## [REQUIREMENT]
Please transcribe the data that follows without the pictures, keeping every word the same.

## [INPUT DATA]
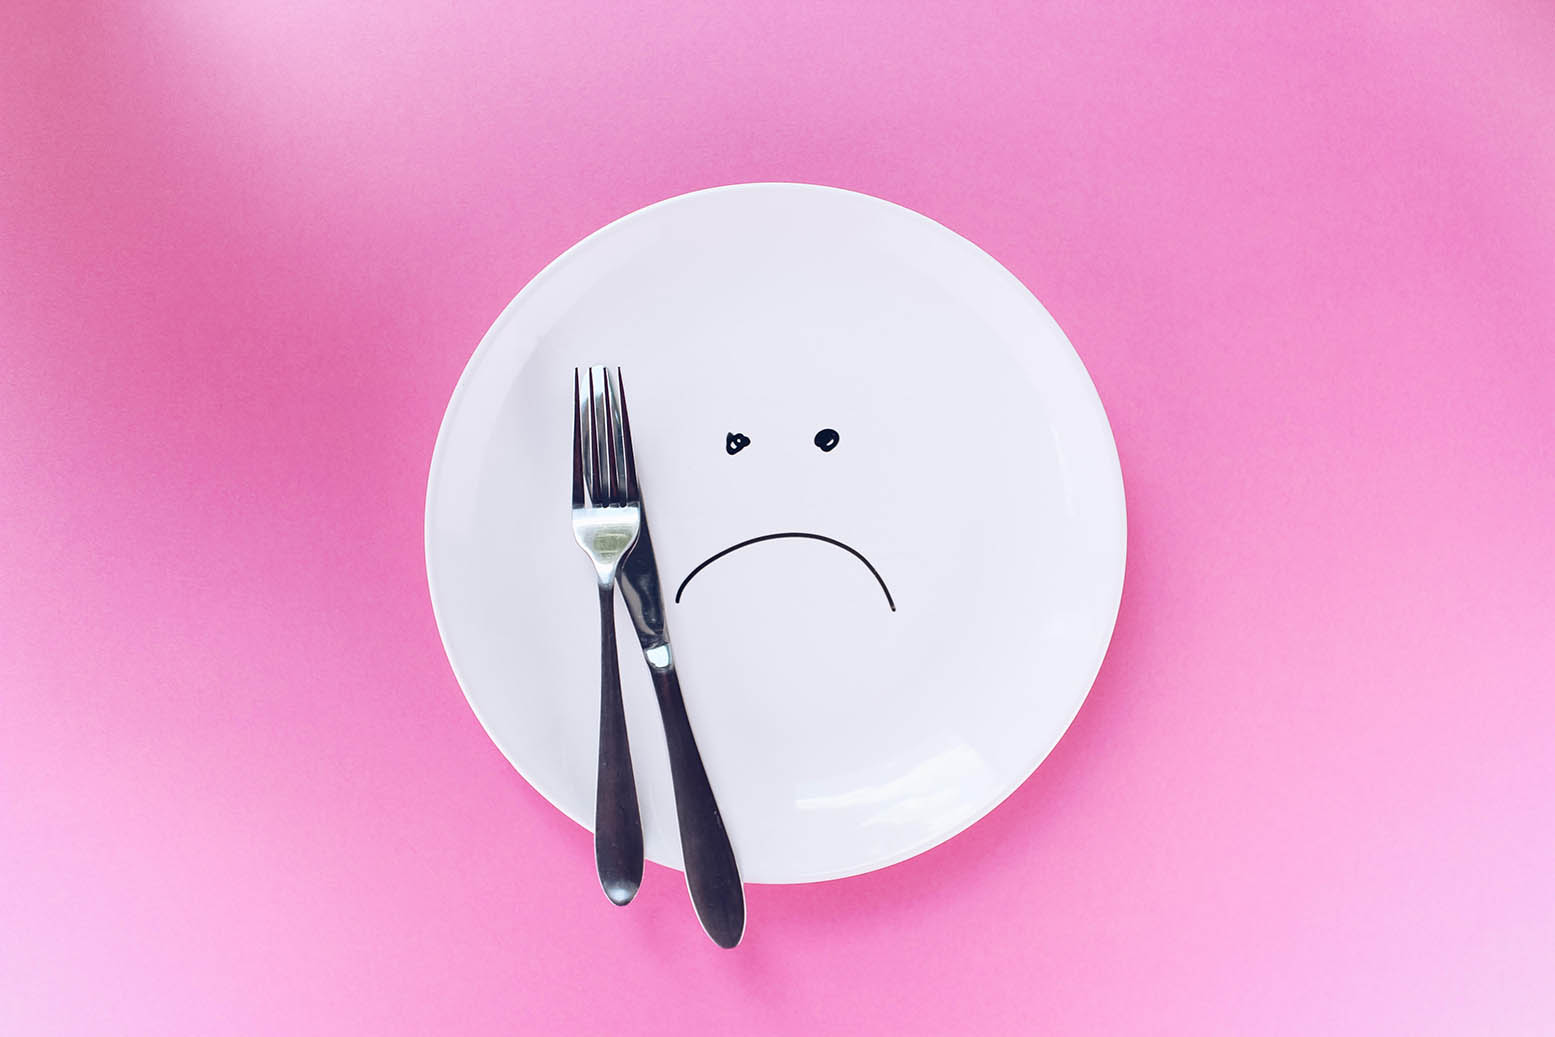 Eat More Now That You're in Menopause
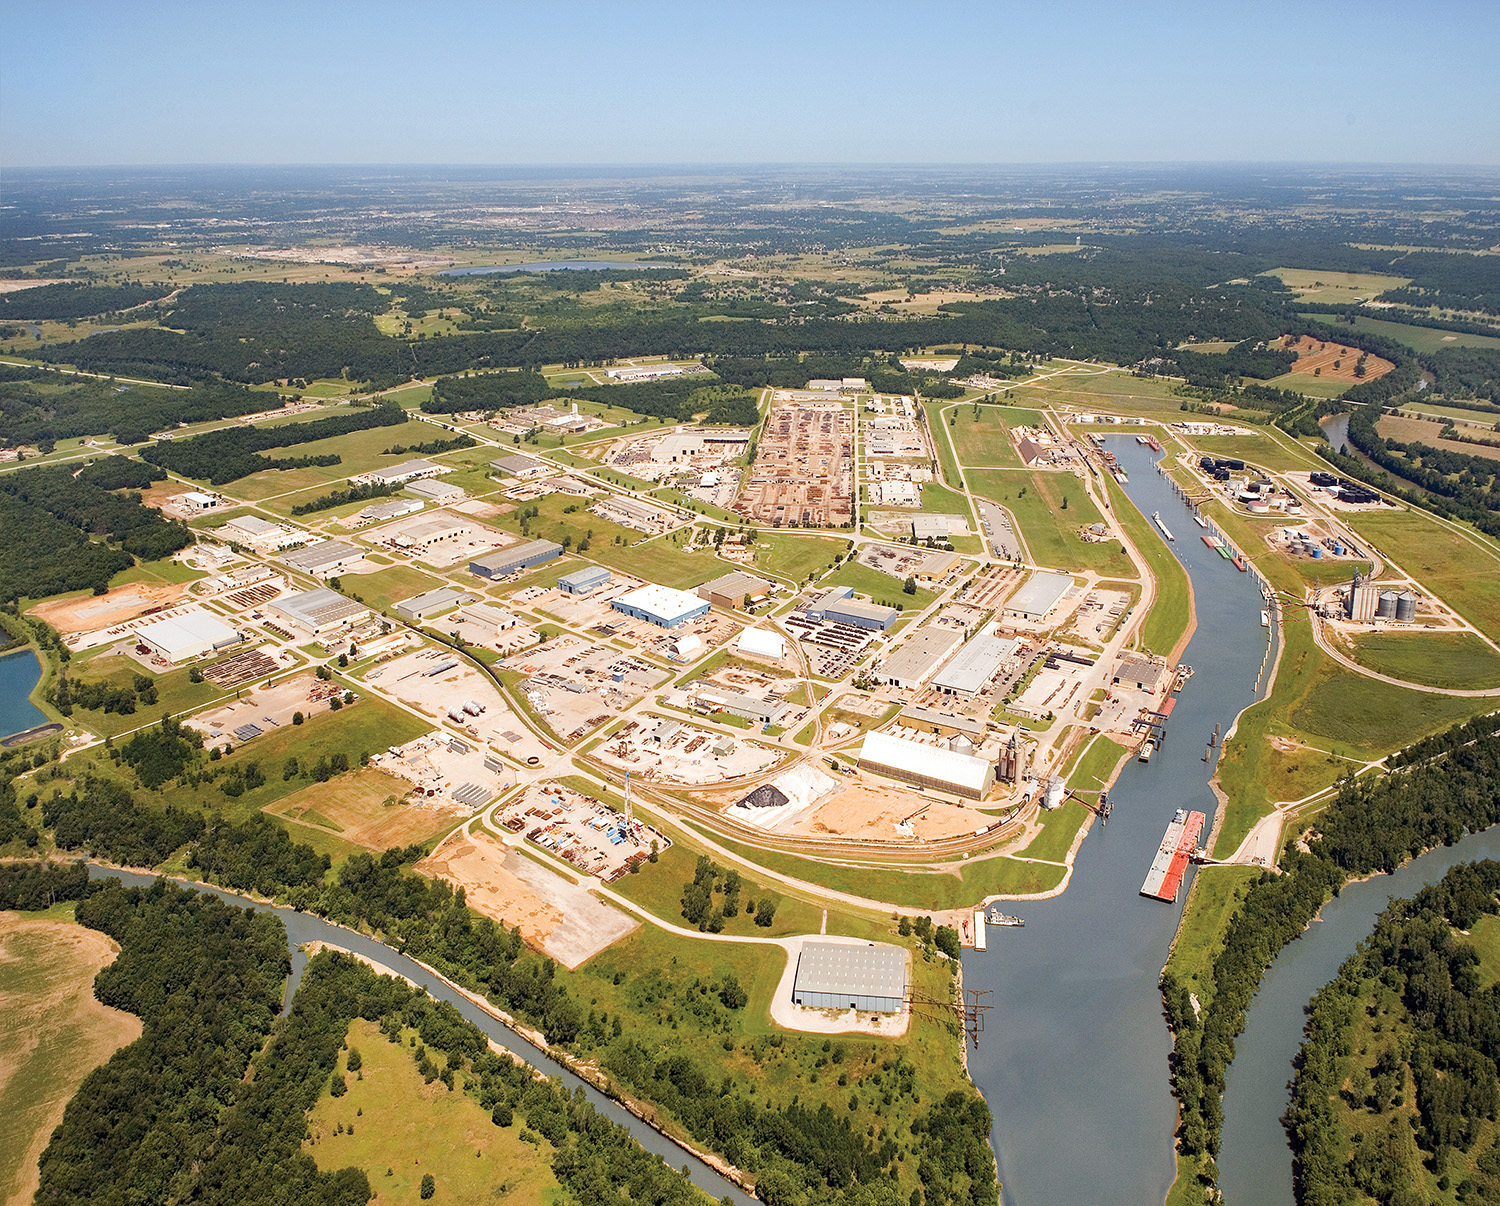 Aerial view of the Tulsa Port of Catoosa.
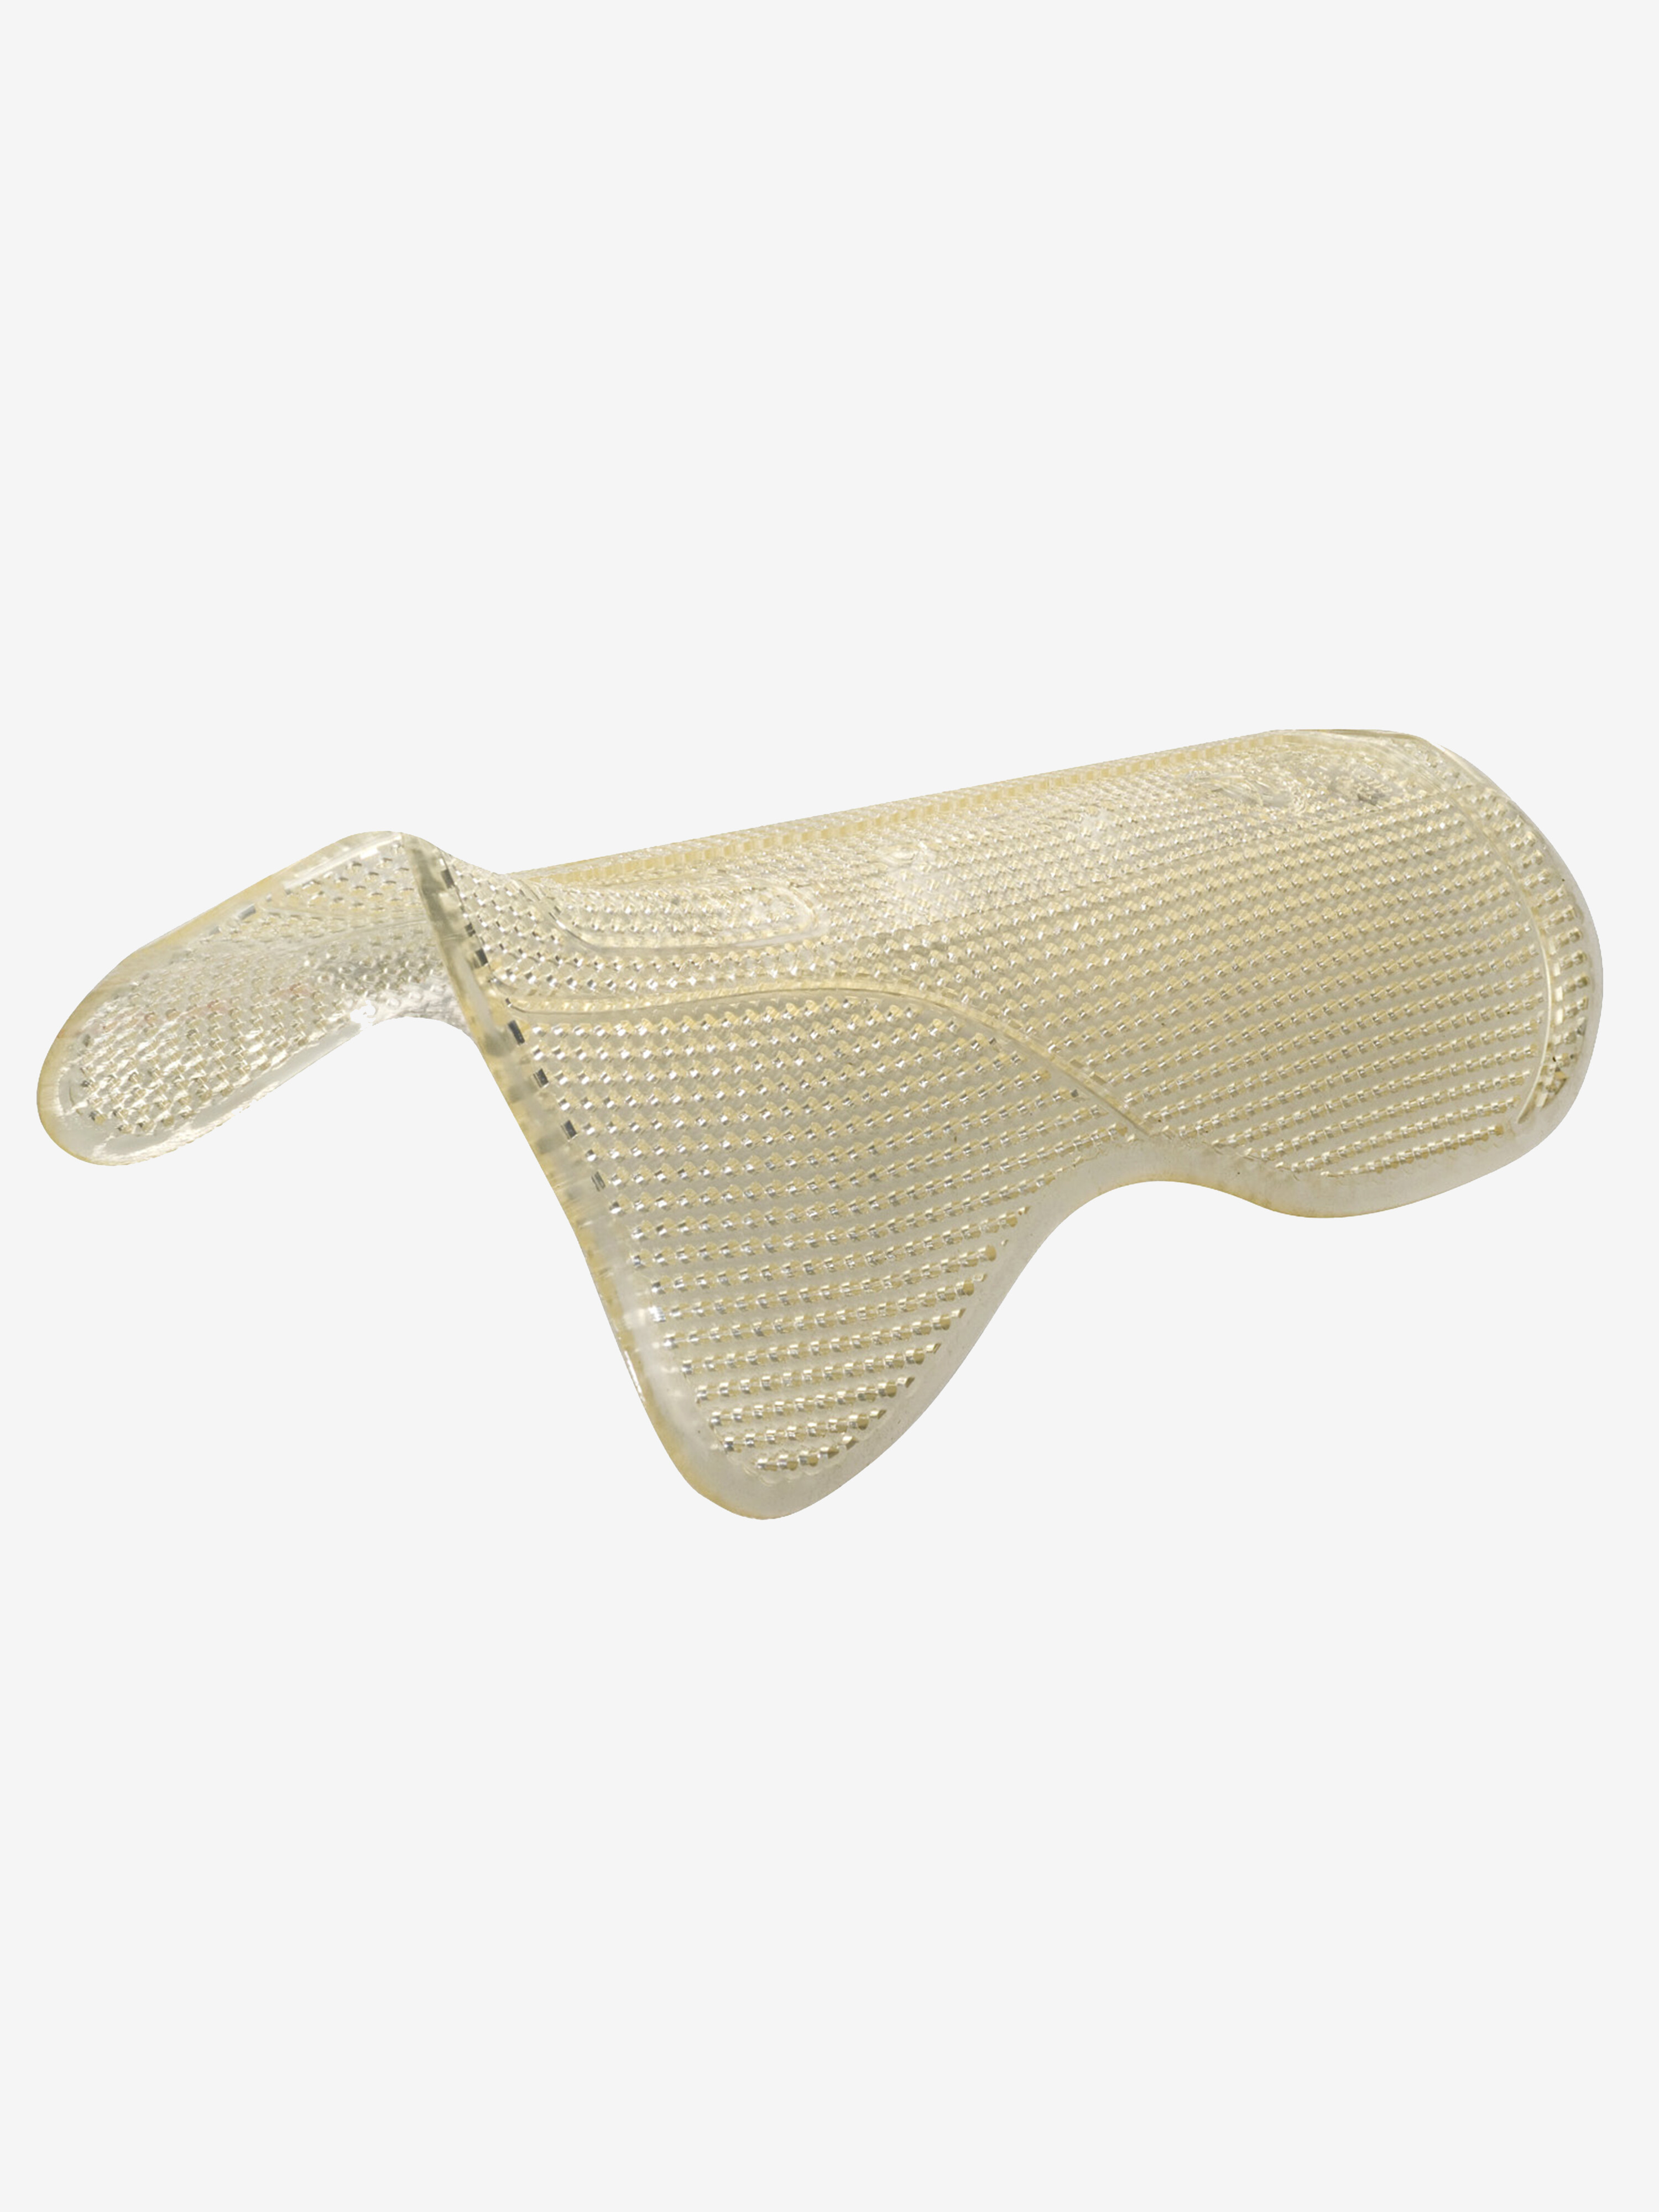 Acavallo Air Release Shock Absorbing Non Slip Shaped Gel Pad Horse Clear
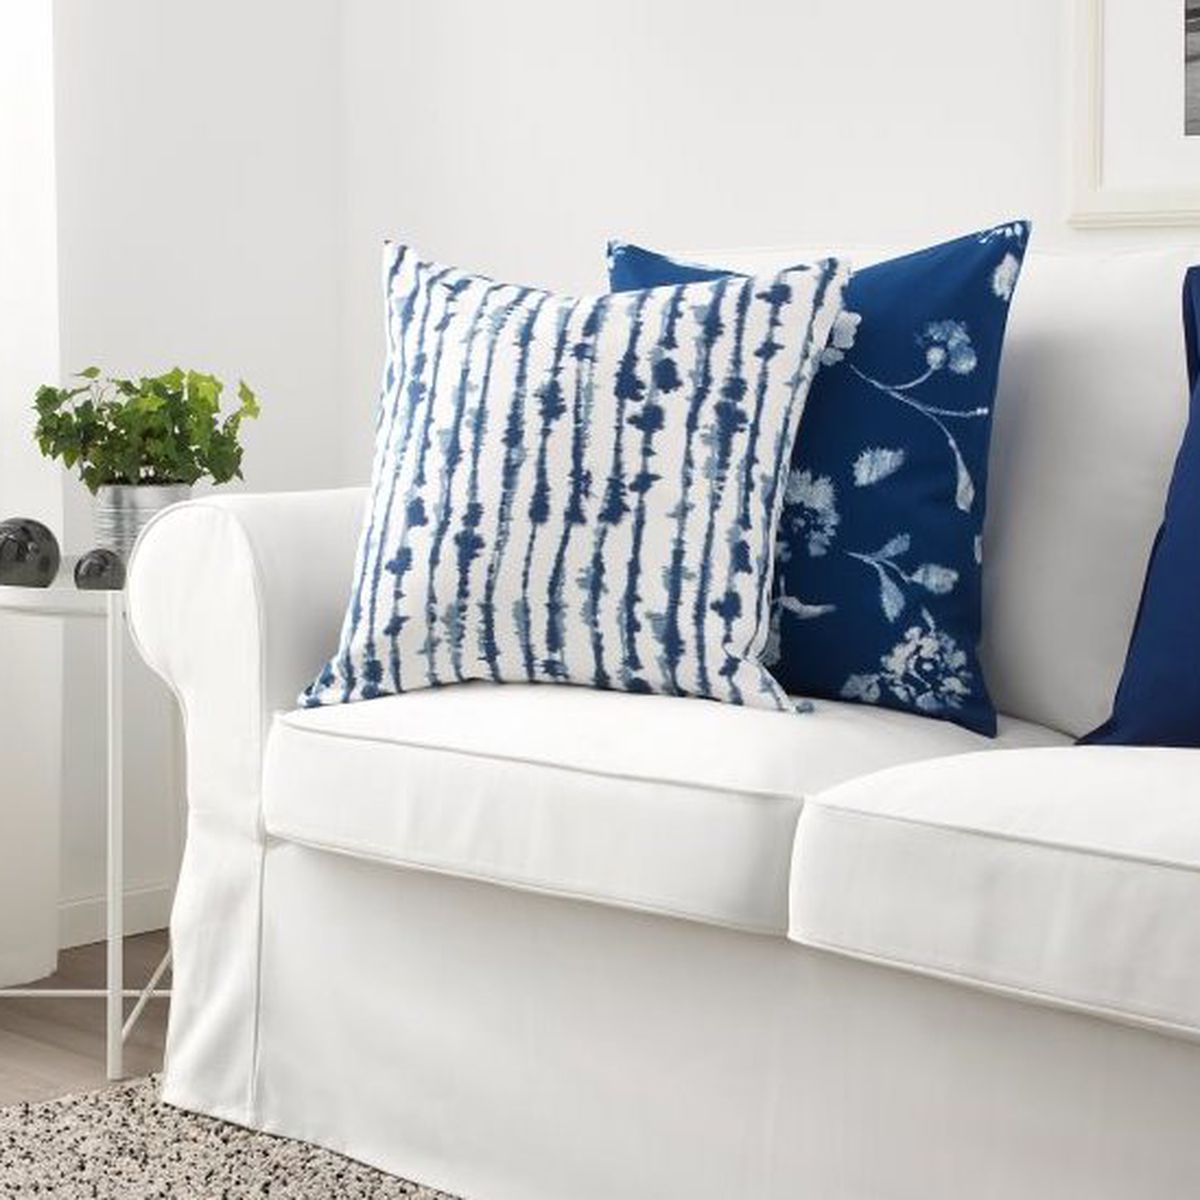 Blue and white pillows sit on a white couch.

## [THE ANSWER]
 Eat More Now That You're in Menopause
 Aerial view of the Tulsa Port of Catoosa.
 Acavallo Air Release Shock Absorbing Non Slip Shaped Gel Pad Horse Clear
 Blue and white pillows sit on a white couch.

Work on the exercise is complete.